According to the KDnuggets 2016 software poll, Java, at 16.8%, has the second highest share in popularity among languages used in machine learning, after Python. What's more is that this marks a 19% increase from the year before! Clearly, Java remains an important and effective vehicle to build and deploy systems involving machine learning, despite claims of its decline in some quarters. With this book, we aim to reach professionals and motivated enthusiasts with some experience in Java and a beginner's knowledge of machine learning. Our goal is to make Mastering Java Machine Learning the next step on their path to becoming advanced practitioners in data science. To guide them on this path, the book covers a veritable arsenal of techniques in machine learning—some which they may already be familiar with, others perhaps not as much, or only superficially—including methods of data analysis, learning algorithms, evaluation of model performance, and more in supervised and semi-supervised learning, clustering and anomaly detection, and semi-supervised and active learning. It also presents special topics such as probabilistic graph modeling, text mining, and deep learning. Not forgetting the increasingly important topics in enterprise-scale systems today, the book also covers the unique challenges of learning from evolving data streams and the tools and techniques applicable to real-time systems, as well as the imperatives of the world of Big Data:

How does machine learning work in large-scale distributed environments?What are the trade-offs?How must algorithms be adapted?How can these systems interoperate with other technologies in the dominant Hadoop ecosystem?

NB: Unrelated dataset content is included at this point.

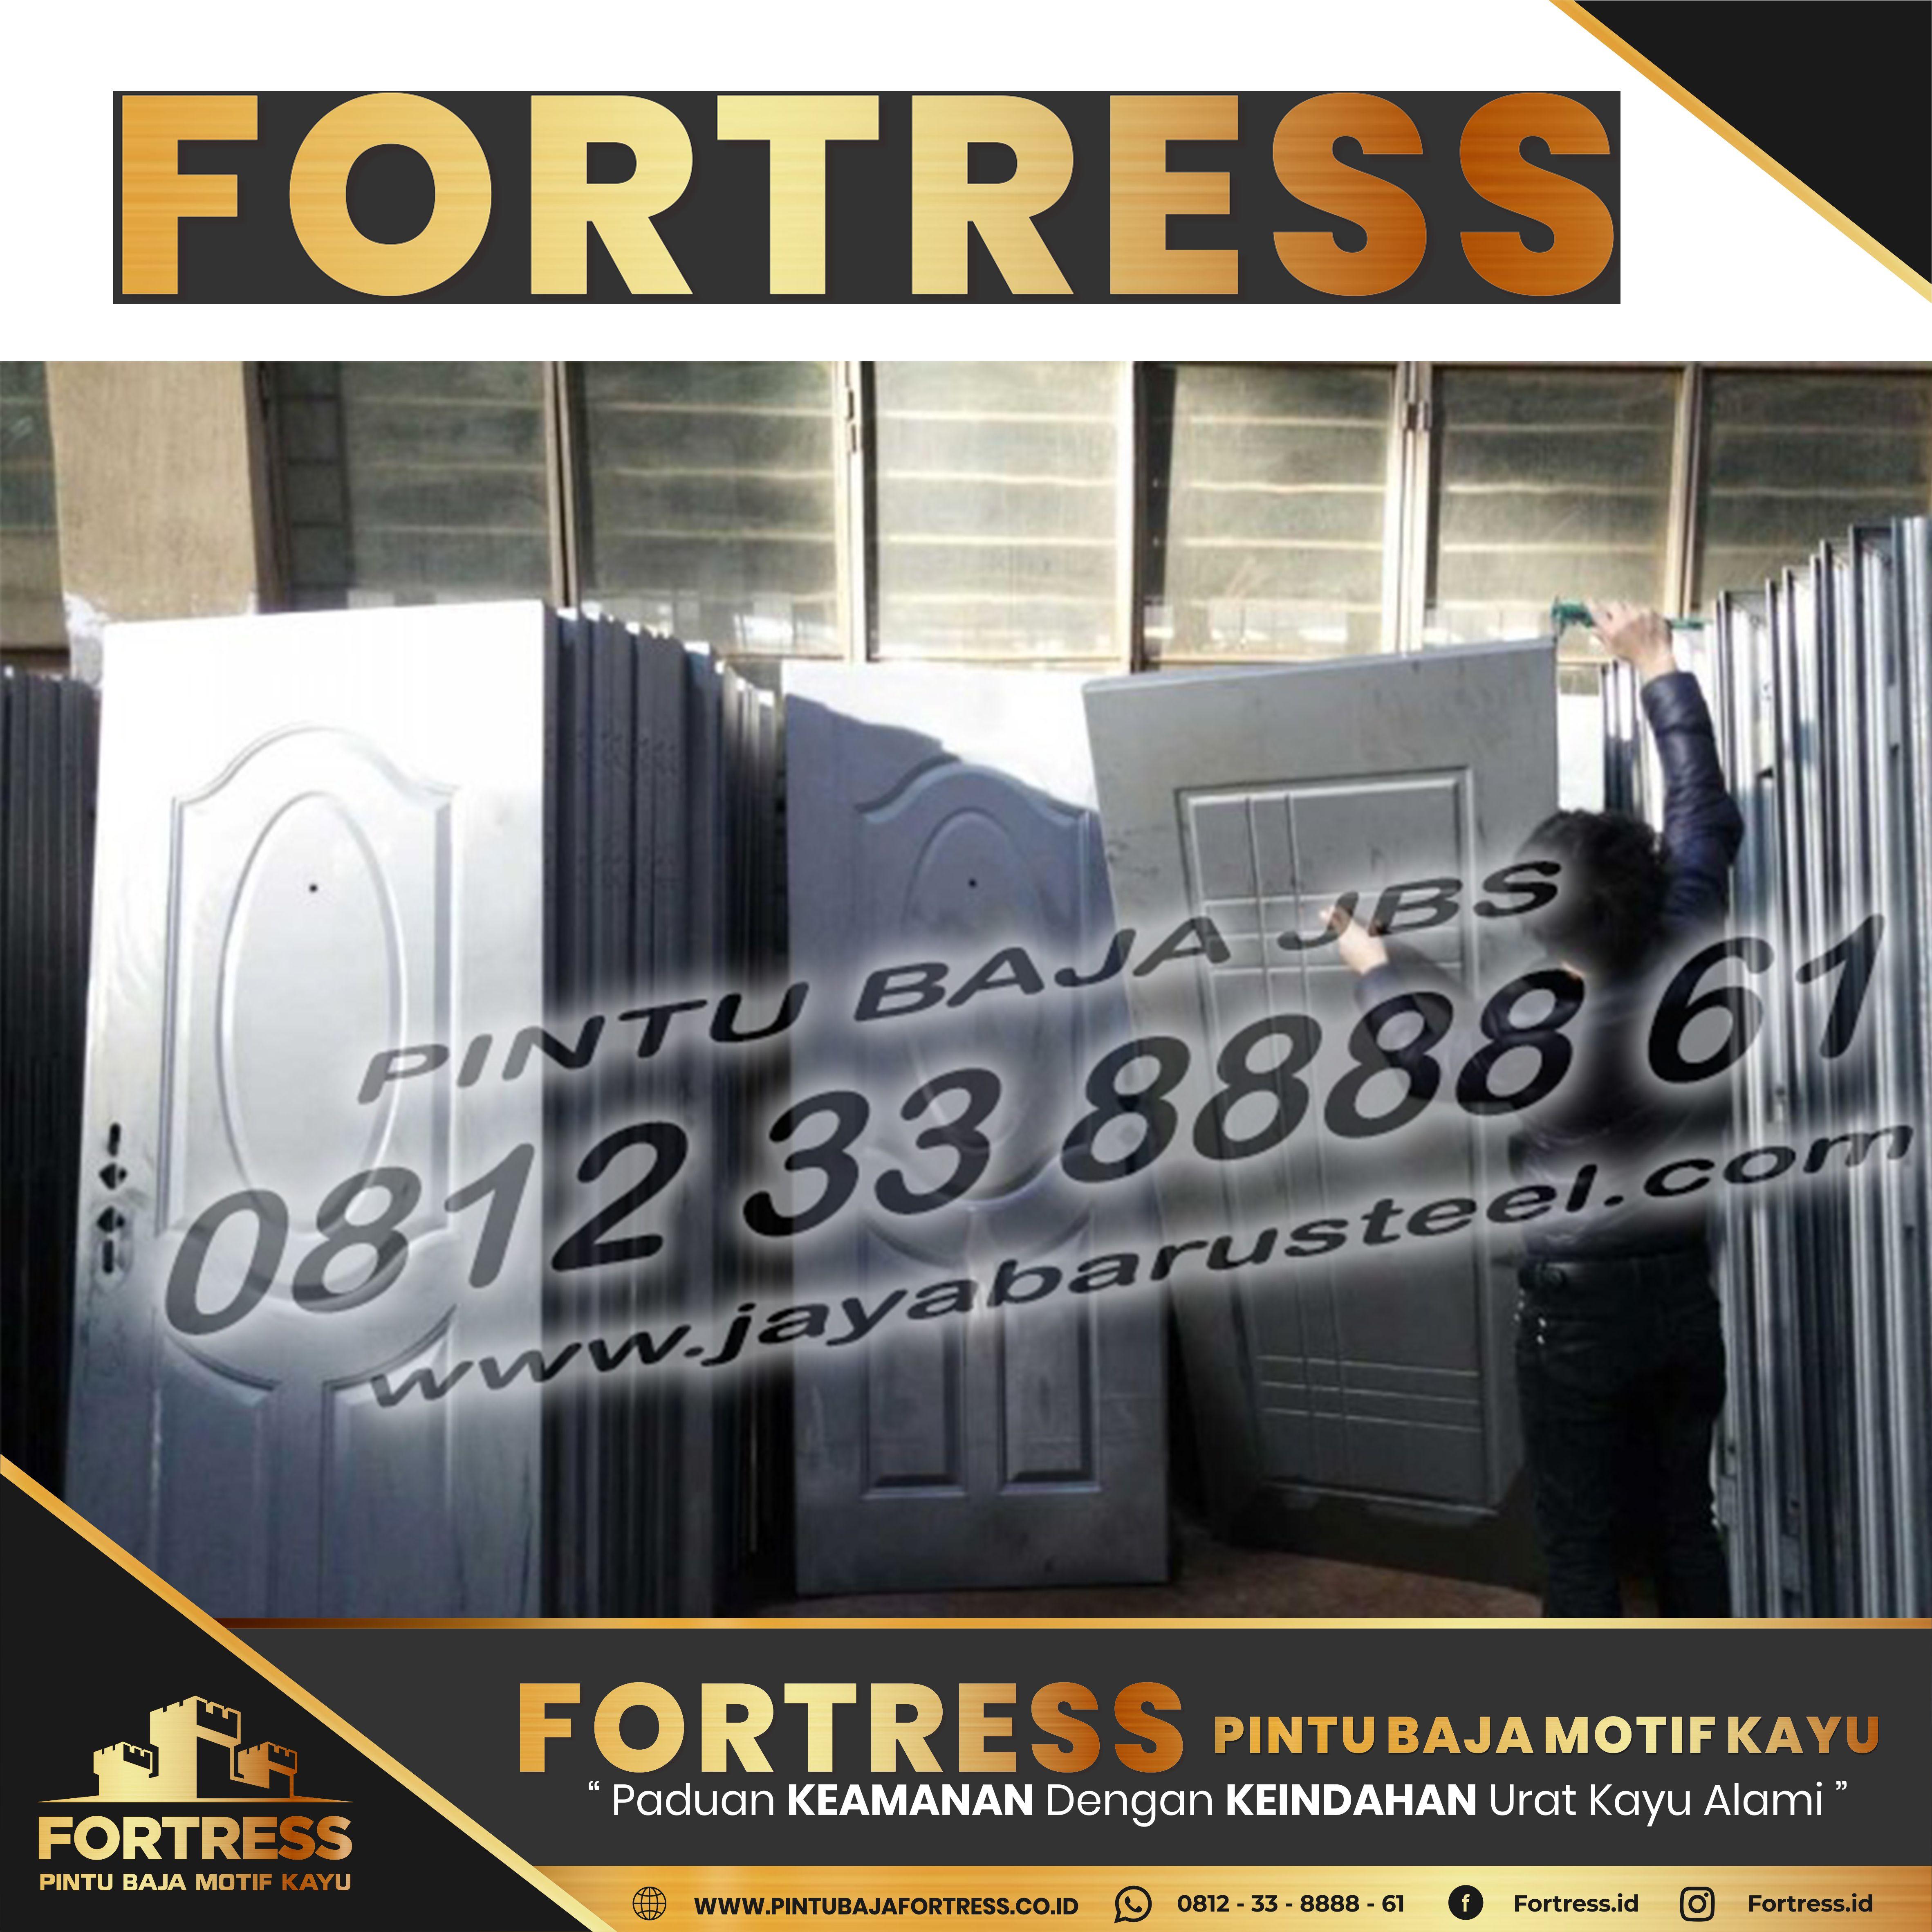 0812-91-6261-07 (FORTRESS) Steel Doors And Frame Samarinda, …

This book explains how to apply machine learning to real-world data and real-world domains with the right methodology, processes, applications, and analysis. Accompanying each chapter are case studies and examples of how to apply the newly learned techniques using some of the best available open source tools written in Java. This book covers more than 15 open source Java tools supporting a wide range of techniques between them, with code and practical usage. The code, data, and configurations are available for readers to download and experiment with. We present more than ten real-world case studies in Machine Learning that illustrate the data scientist's process. Each case study details the steps undertaken in the experiments: data ingestion, data analysis, data cleansing, feature reduction/selection, mapping to machine learning, model training, model selection, model evaluation, and analysis of results. This gives the reader a practical guide to using the tools and methods presented in each chapter for solving the business problem at hand.

What this book covers

Chapter 1, Machine Learning Review, is a refresher of basic concepts and techniques that the reader would have learned from Packt's Learning Machine Learning in Java or a similar text. This chapter is a review of concepts such as data, data transformation, sampling and bias, features and their importance, supervised learning, unsupervised learning, big data learning, stream and real-time learning, probabilistic graphic models, and semi-supervised learning.

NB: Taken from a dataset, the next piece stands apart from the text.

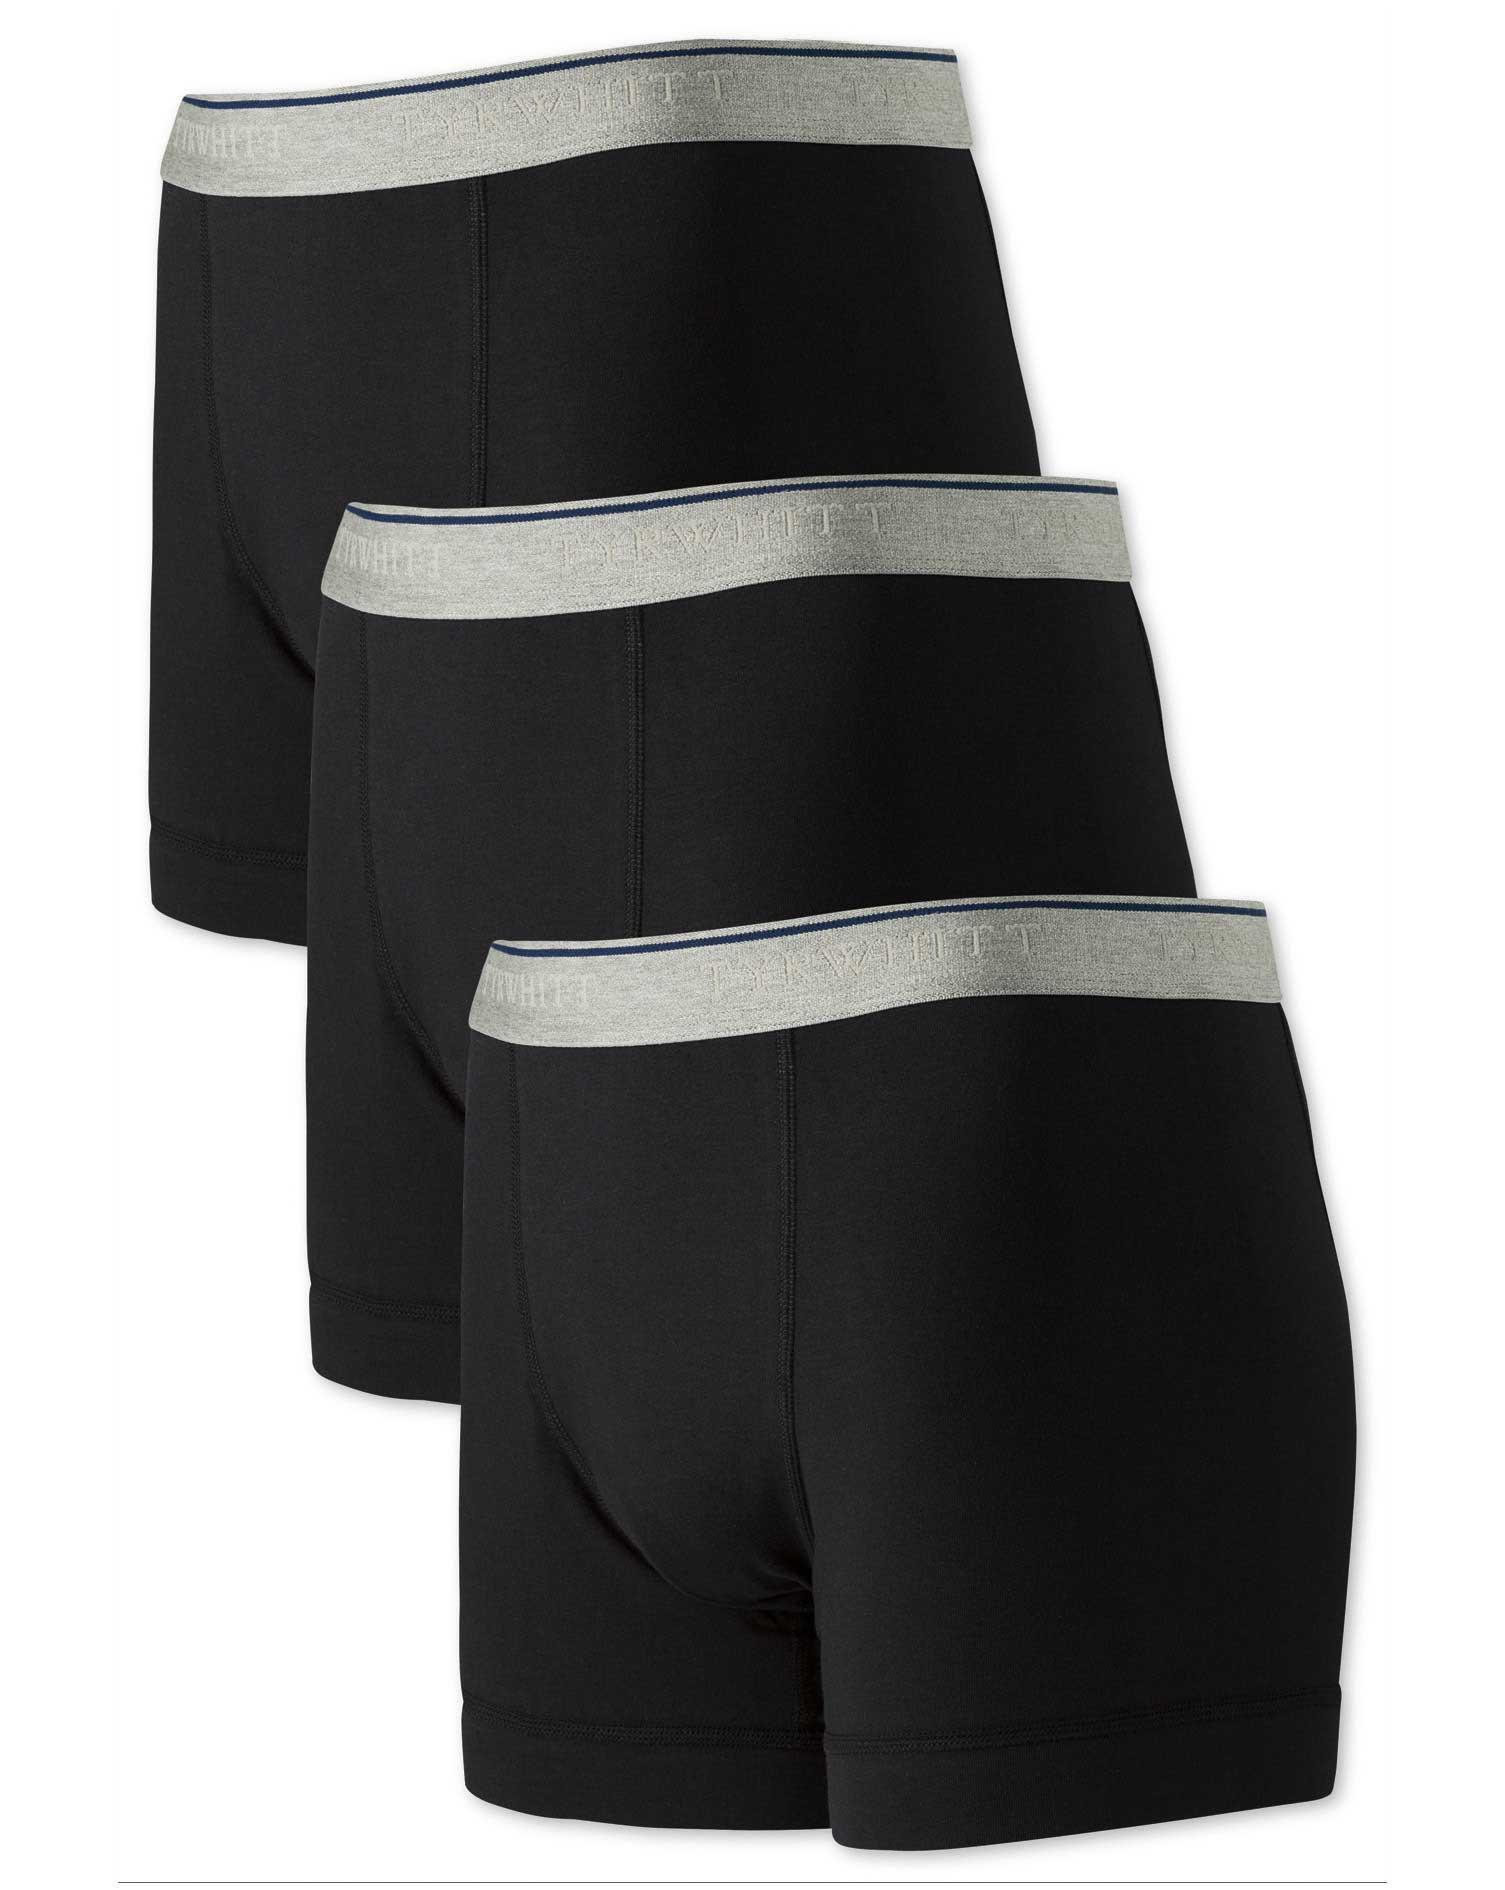 Black Jersey 3 Pack Trunks Size XS by Charles Tyrwhitt

Chapter 2, Practical Approach to Real-World Supervised Learning, cobwebs dusted, dives straight into the vast field of supervised learning and the full spectrum of associated techniques. We cover the topics of feature selection and reduction, linear modeling, logistic models, non-linear models, SVM and kernels, ensemble learning techniques such as bagging and boosting, validation techniques and evaluation metrics, and model selection. Using WEKA and RapidMiner, we carry out a detailed case study, going through all the steps from data analysis to analysis of model performance. As in each of the other chapters, the case study is presented as an example to help the reader understand how the techniques introduced in the chapter are applied in real life. The dataset used in the case study is UCI HorseColic.

Chapter 3, Unsupervised Machine Learning Techniques, presents many advanced methods in clustering and outlier techniques, with applications. Topics covered are feature selection and reduction in unsupervised data, clustering algorithms, evaluation methods in clustering, and anomaly detection using statistical, distance, and distribution techniques. At the end of the chapter, we perform a case study for both clustering and outlier detection using a real-world image dataset, MNIST. We use the Smile API to do feature reduction and ELKI for learning.

Chapter 4, Semi-supervised Learning and Active Learning, gives details of algorithms and techniques for learning when only a small amount labeled data is present. Topics covered are self-training, generative models, transductive SVMs, co-training, active learning, and multi-view learning. The case study involves both learning systems and is performed on the real-world UCI Breast Cancer Wisconsin dataset. The tools introduced are JKernelMachines ,KEEL and JCLAL.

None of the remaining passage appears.